__EXERCISE DIRECTIONS__. Please set down each of the lines below once more, exactly, omitting all pictures.

__RECORDED INFORMATION__.
------------------------------------------------------------
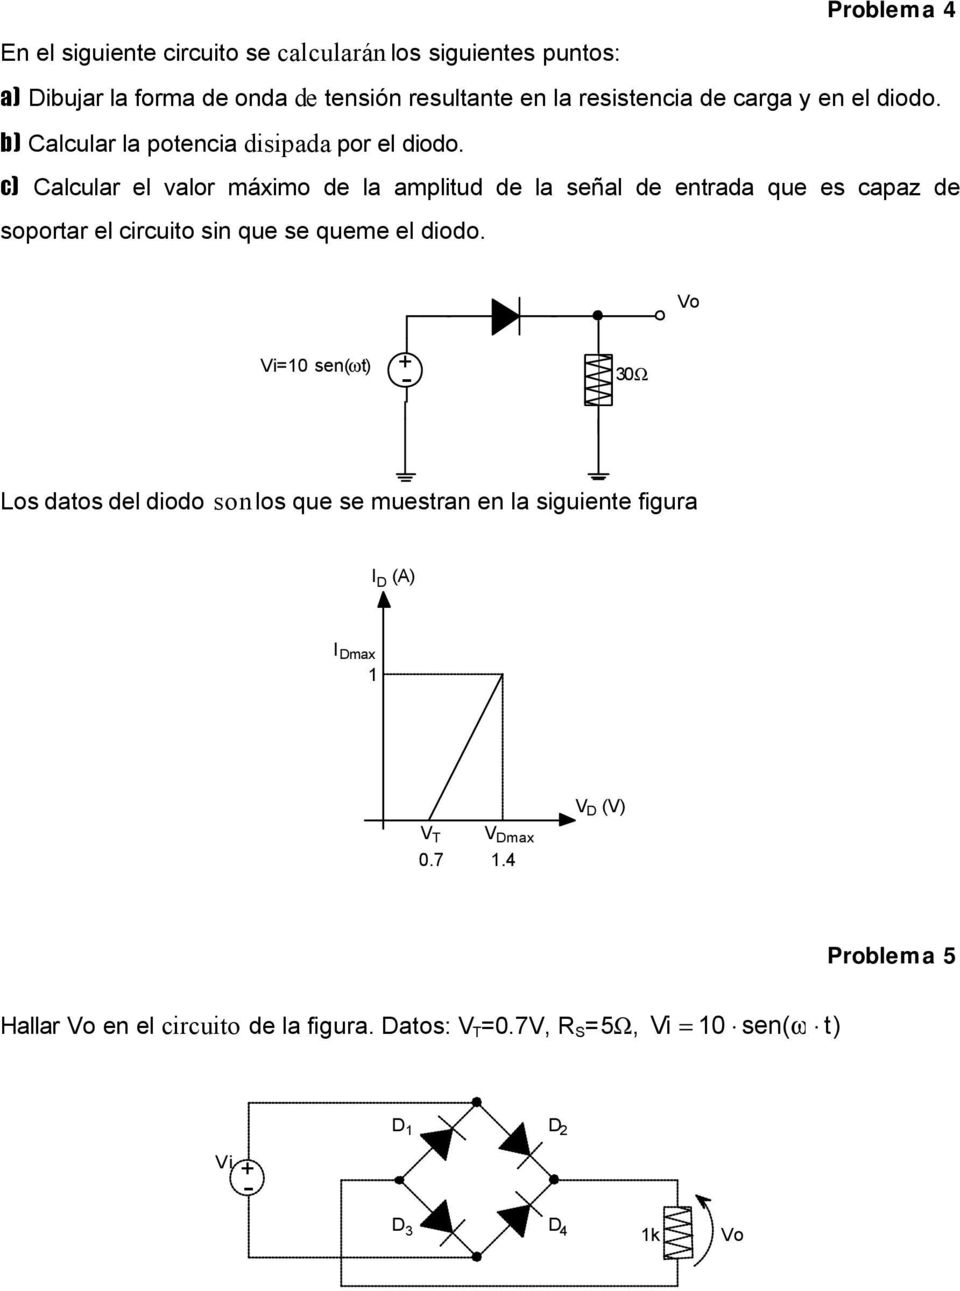 c) Calcular el valor máximo de la amplitud de la señal de entrada que es capaz de soportar el circuito sin que se queme el diodo.
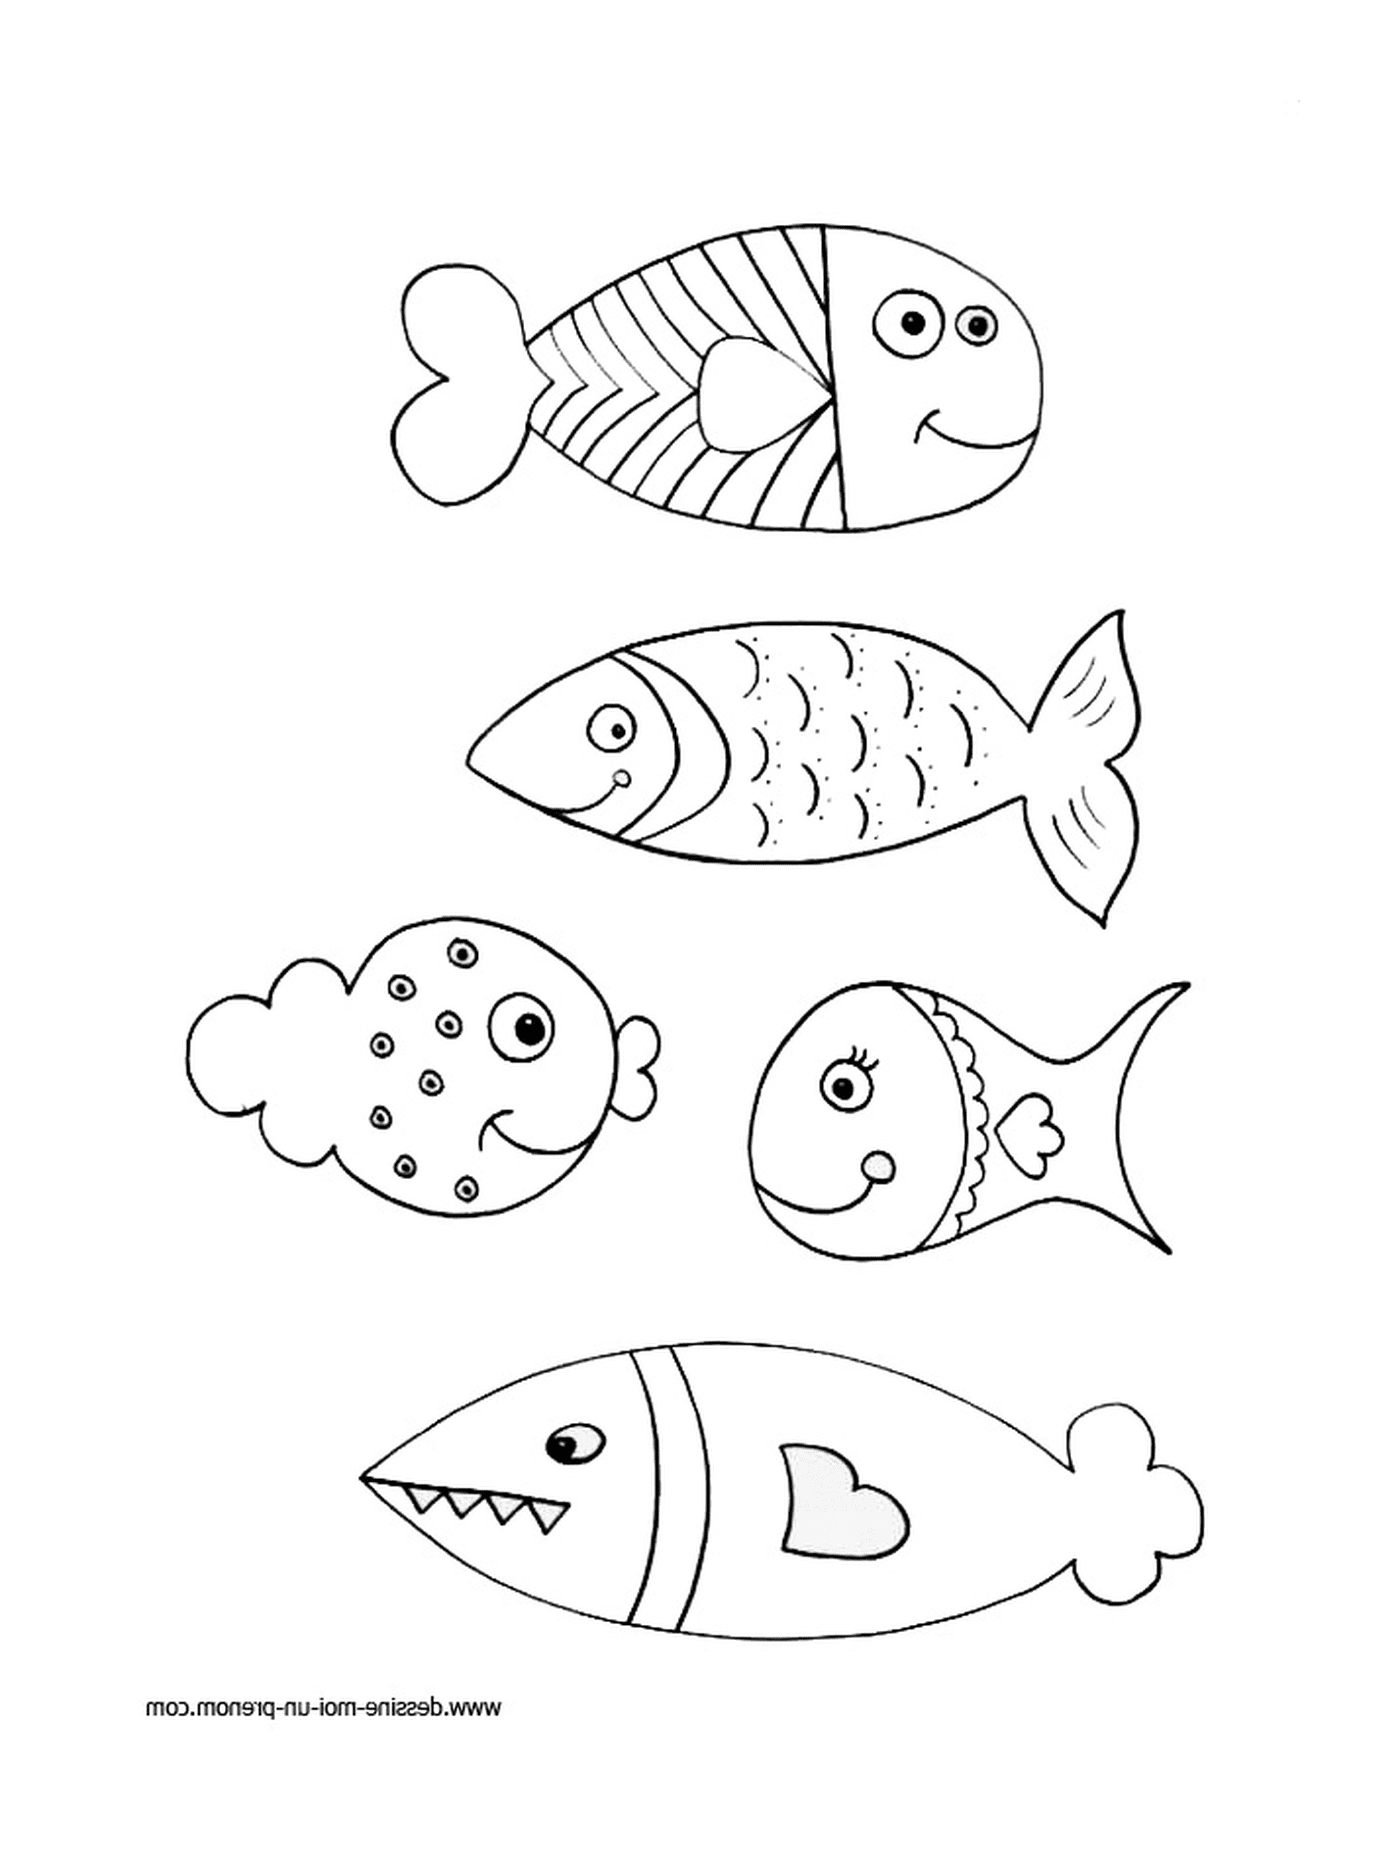   Groupe de poissons alignés 
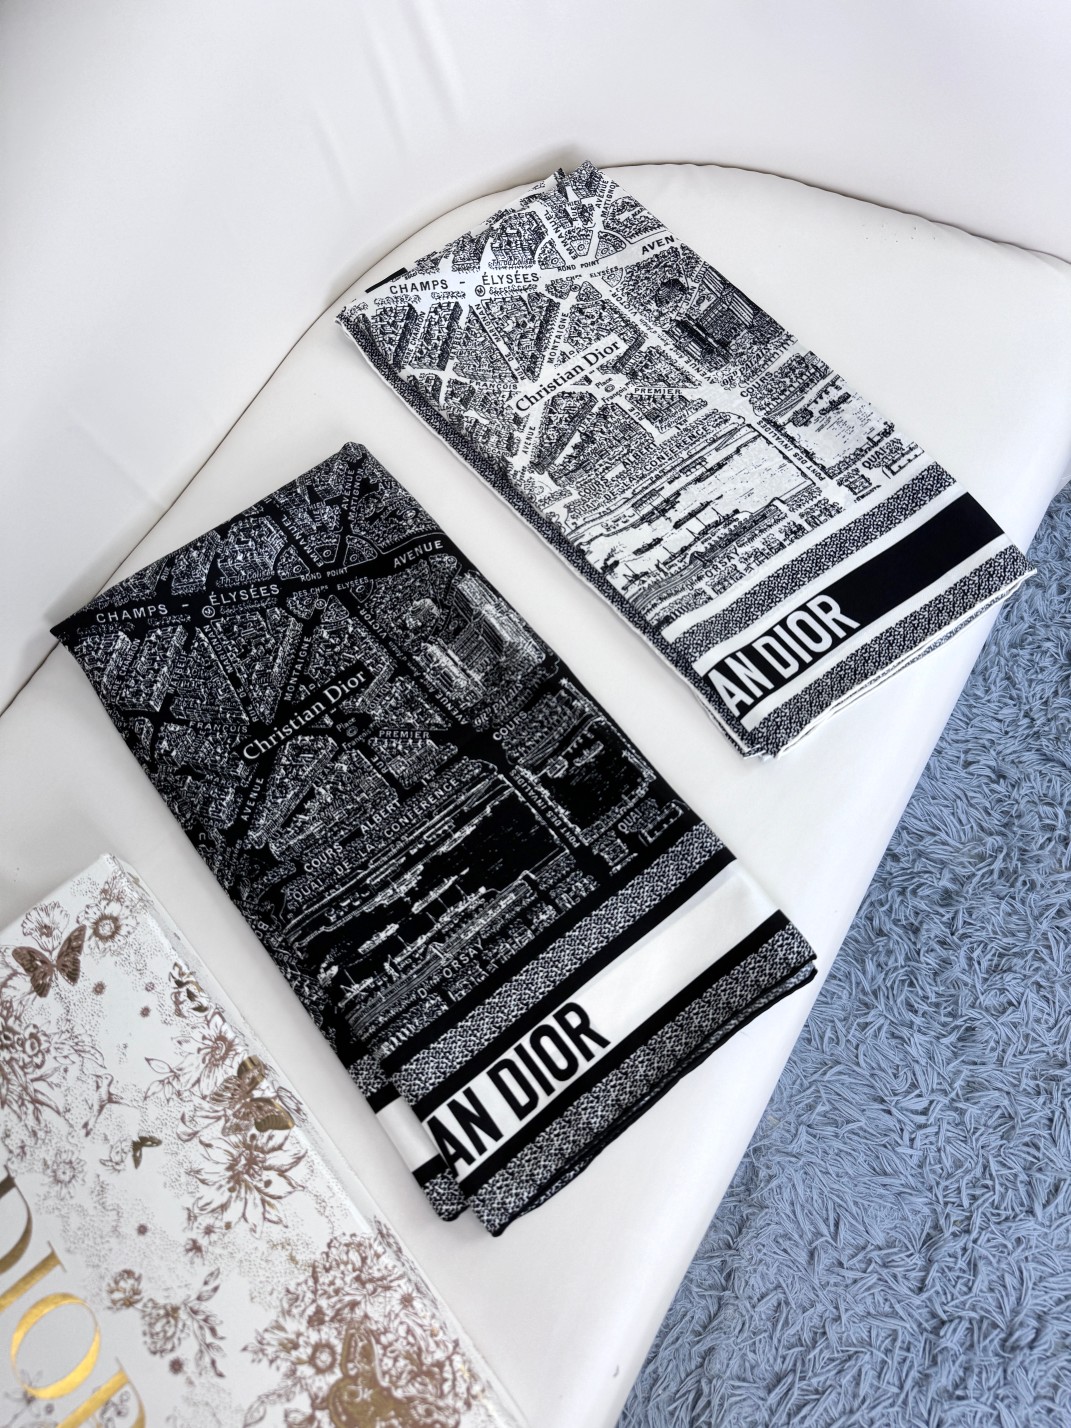 品名:巴黎地图面料真丝尺寸90*90颜色黑色白色这款方巾饰以本季经典的PlandeParis印花该图案从
------------------------------------------------------------
__ANSWER BOX__.
 c) Calcular el valor máximo de la amplitud de la señal de entrada que es capaz de soportar el circuito sin que se queme el diodo.
   Groupe de poissons alignés 
 品名:巴黎地图面料真丝尺寸90*90颜色黑色白色这款方巾饰以本季经典的PlandeParis印花该图案从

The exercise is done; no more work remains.